1 Sweet onion cut into ¼ inch slices
2 Bell peppers, green or red, ¼ inch slices
2 Cloves garlic, chopped
8 oz Button mushrooms, ¼ inch slices
1 Bottle rice vinegar, seasoned
1 Pinch cayenne to taste
¼ tsp Dried oregano
Salt to taste
1.5 lbs Beef—boneless ribeye, bottom round or short rib
1 tbsp Olive oil
4, 8-inch Hoagie or sandwich rolls
Flat top or large cast iron grill pan
Add “The Works” ingredients to a large jar, pushing down until covered in vinegar. As veggies shrink, add vinegar to keep covered (if needed). Rest 2 hours or up to a few days in the fridge.

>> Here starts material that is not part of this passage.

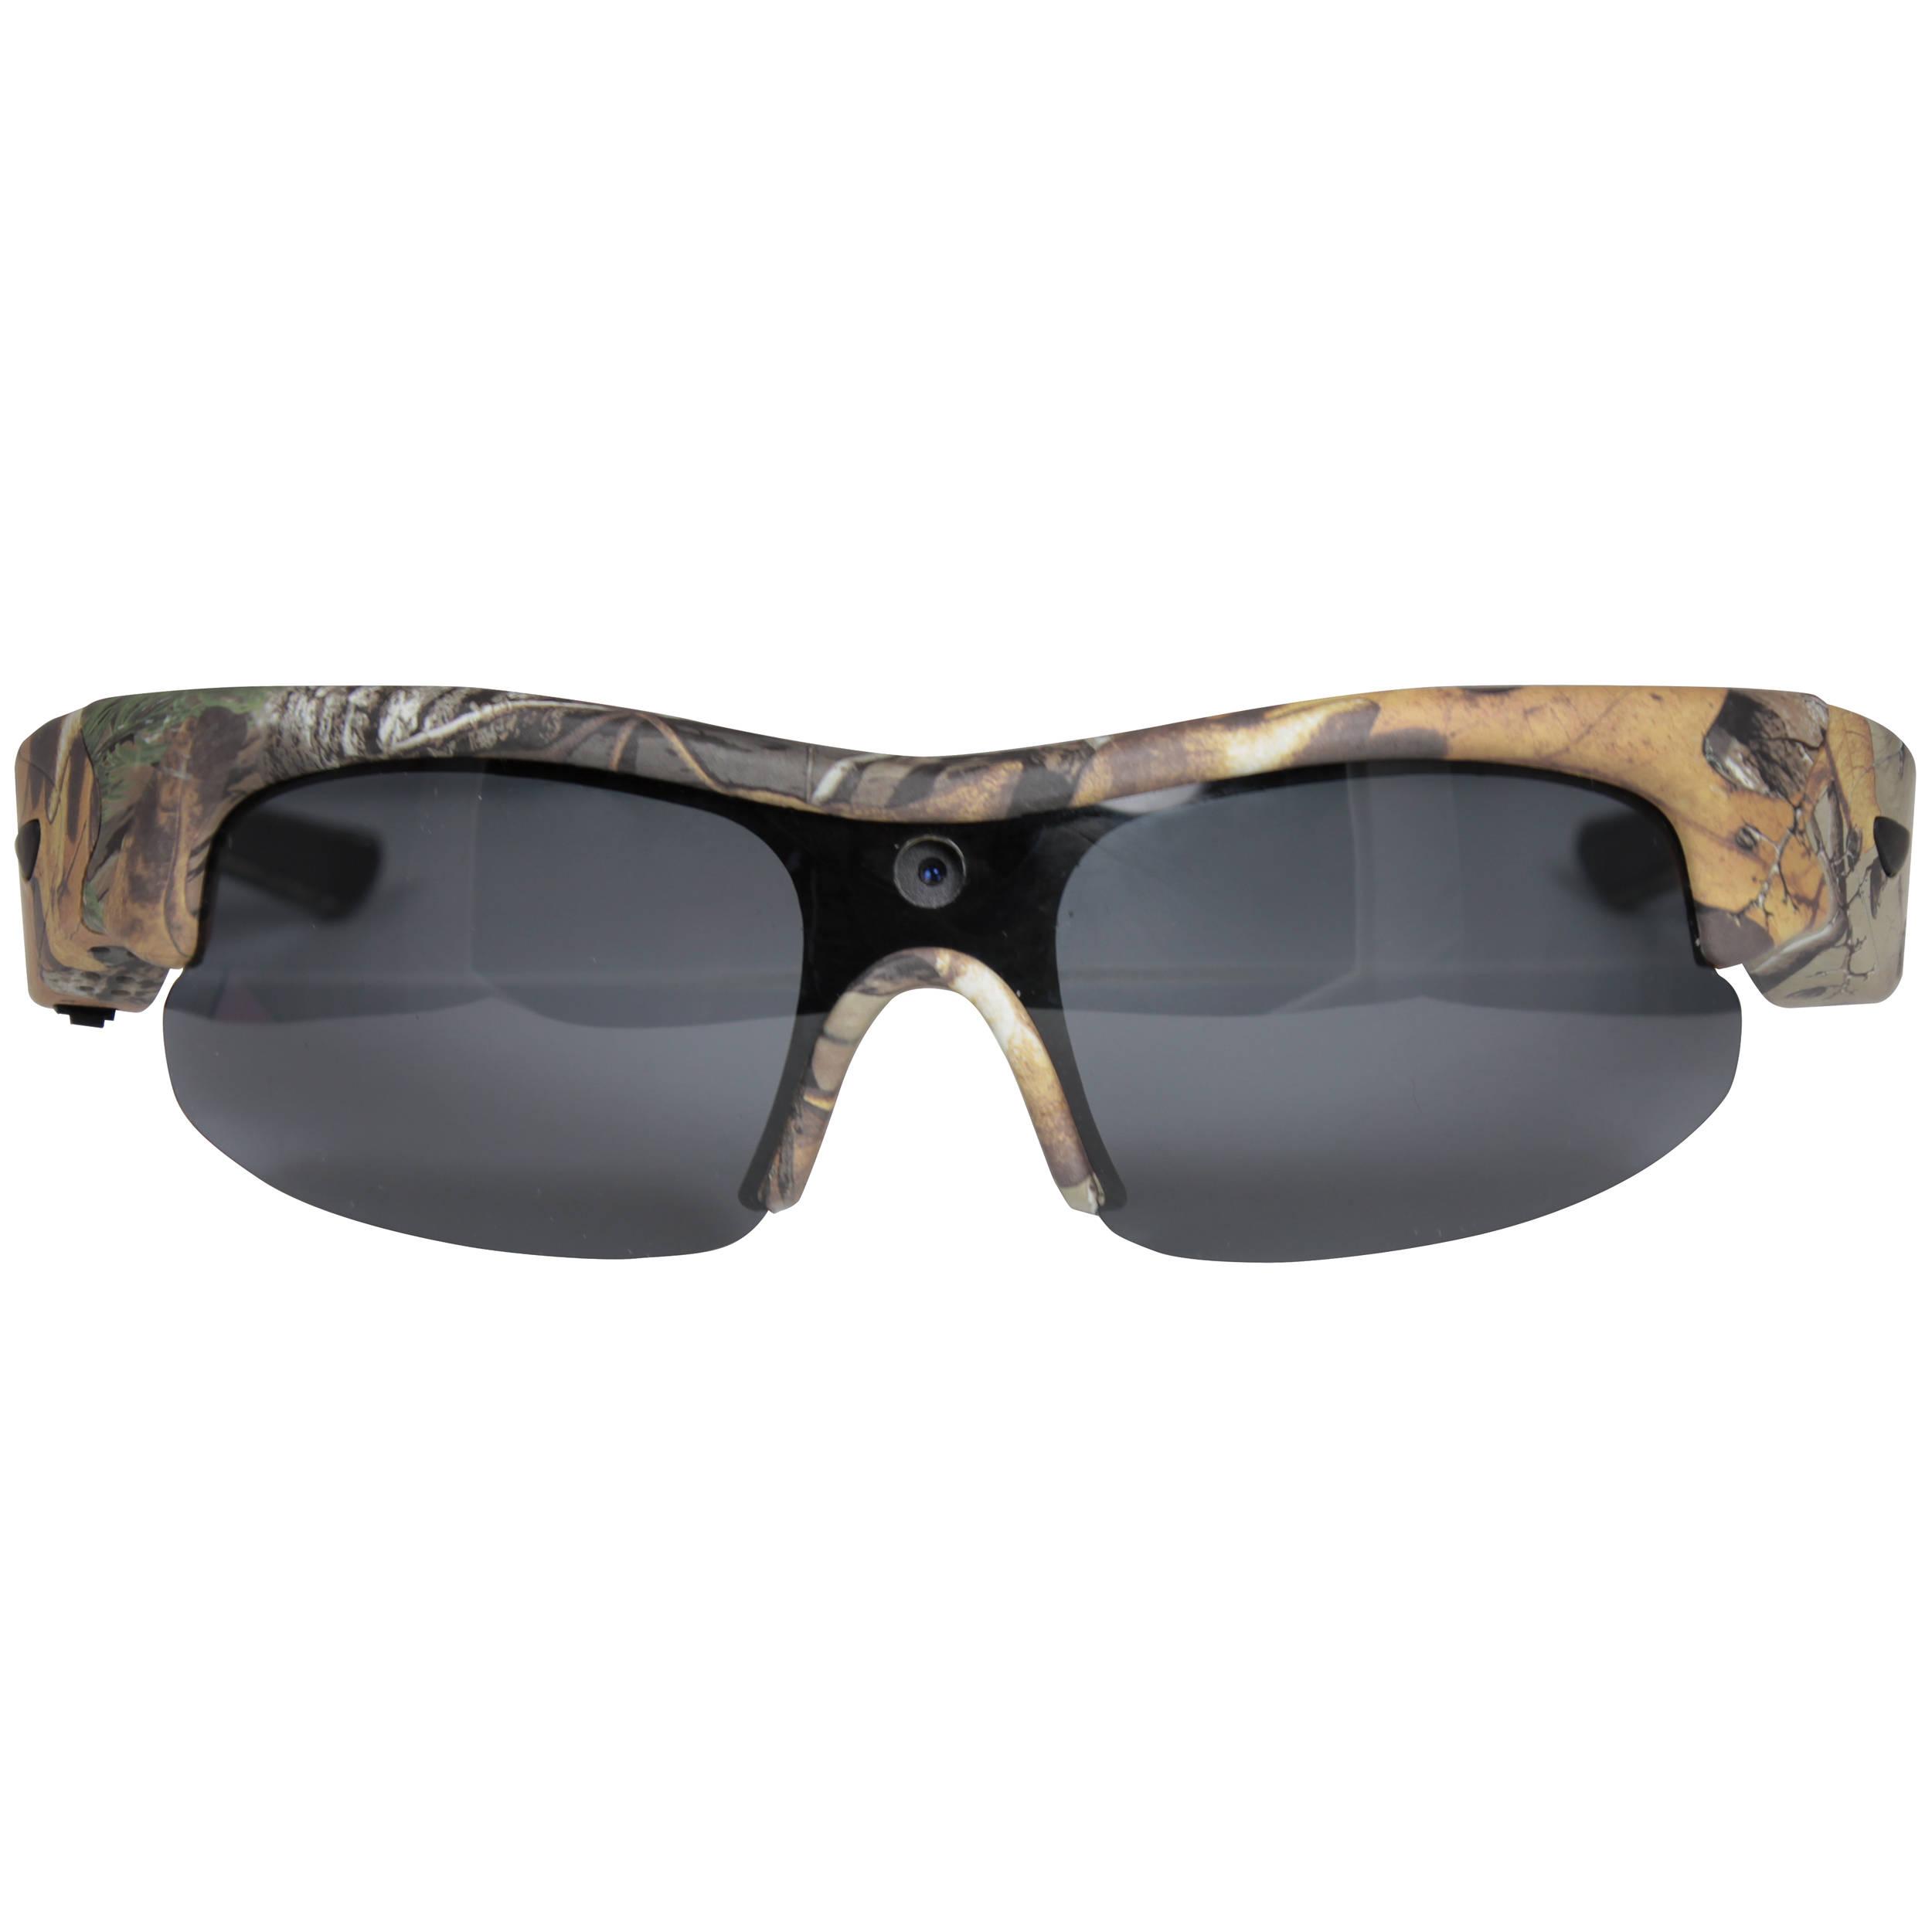 Moultrie HD Video Camera Glasses MCG-13039 B&H Photo Video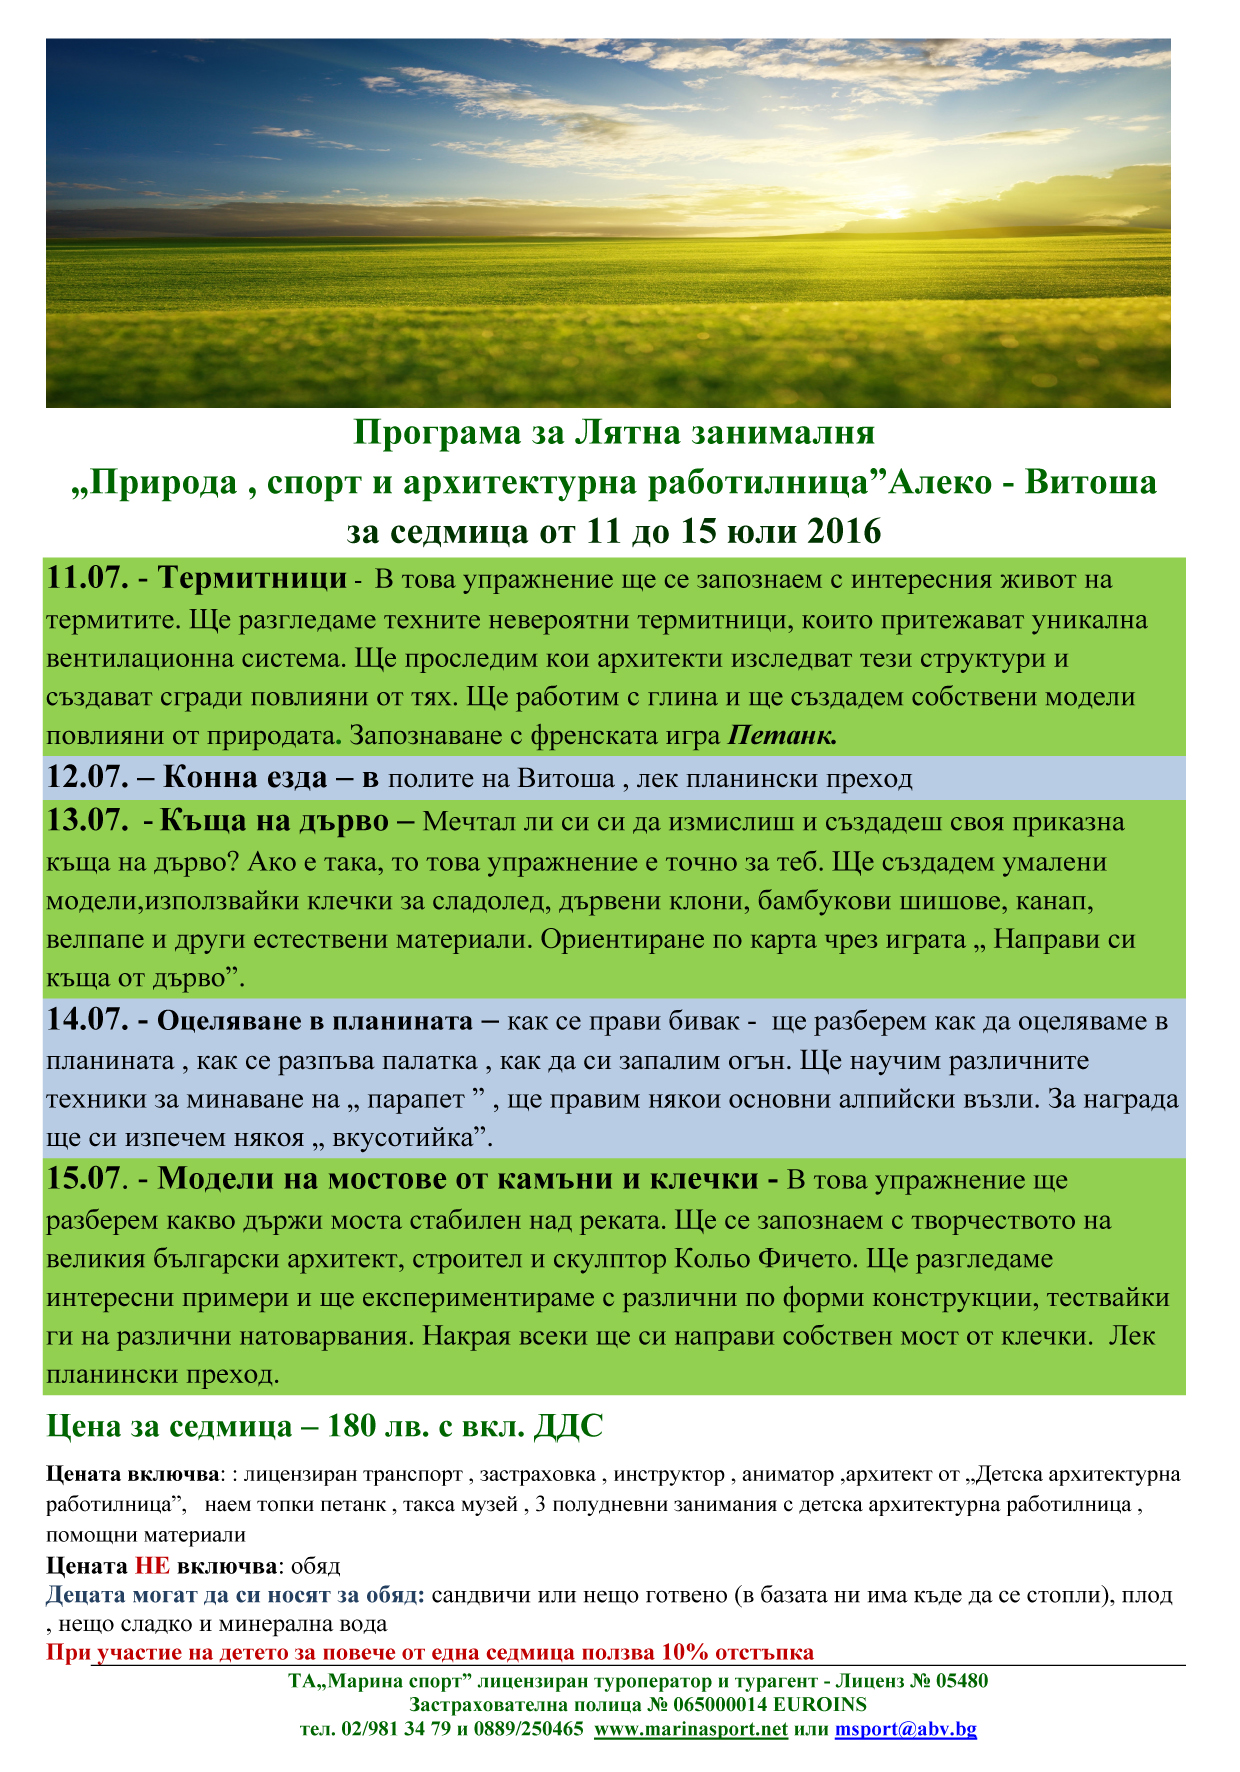 """Природа , спорт и архитектурна работилница"", Алеко, Витоша - 11 до 15 юли 2016г."

Cut meat in 4”x2” chunks and lay on sheet. Place meat in freezer for 20-40 minutes—meat should be halfway frozen so you can thinly slice. Slice against the grain, including the ends, into thin slices and season with salt and olive oil. Separate into 6oz portions.
Preheat a flat top or large cast iron grill pan on medium-high. Working in batches, add a handful of “The Works” and sauté for a few minutes. Remove from heat. Add a portion of steak to the pan. Season with pepper. Shred steak as it cooks with a large spatula and knife. Once meat is cooked to desired doneness, add “The Works” to the steak and stir. Top with 3-4 slices of cheese and allow to fully melt.
Use large spatula to place meat and cheese onto bread. Repeat Step 3 with remaining ingredients. If desired, wrap cheesesteaks in foil for a few minutes to soften the bread.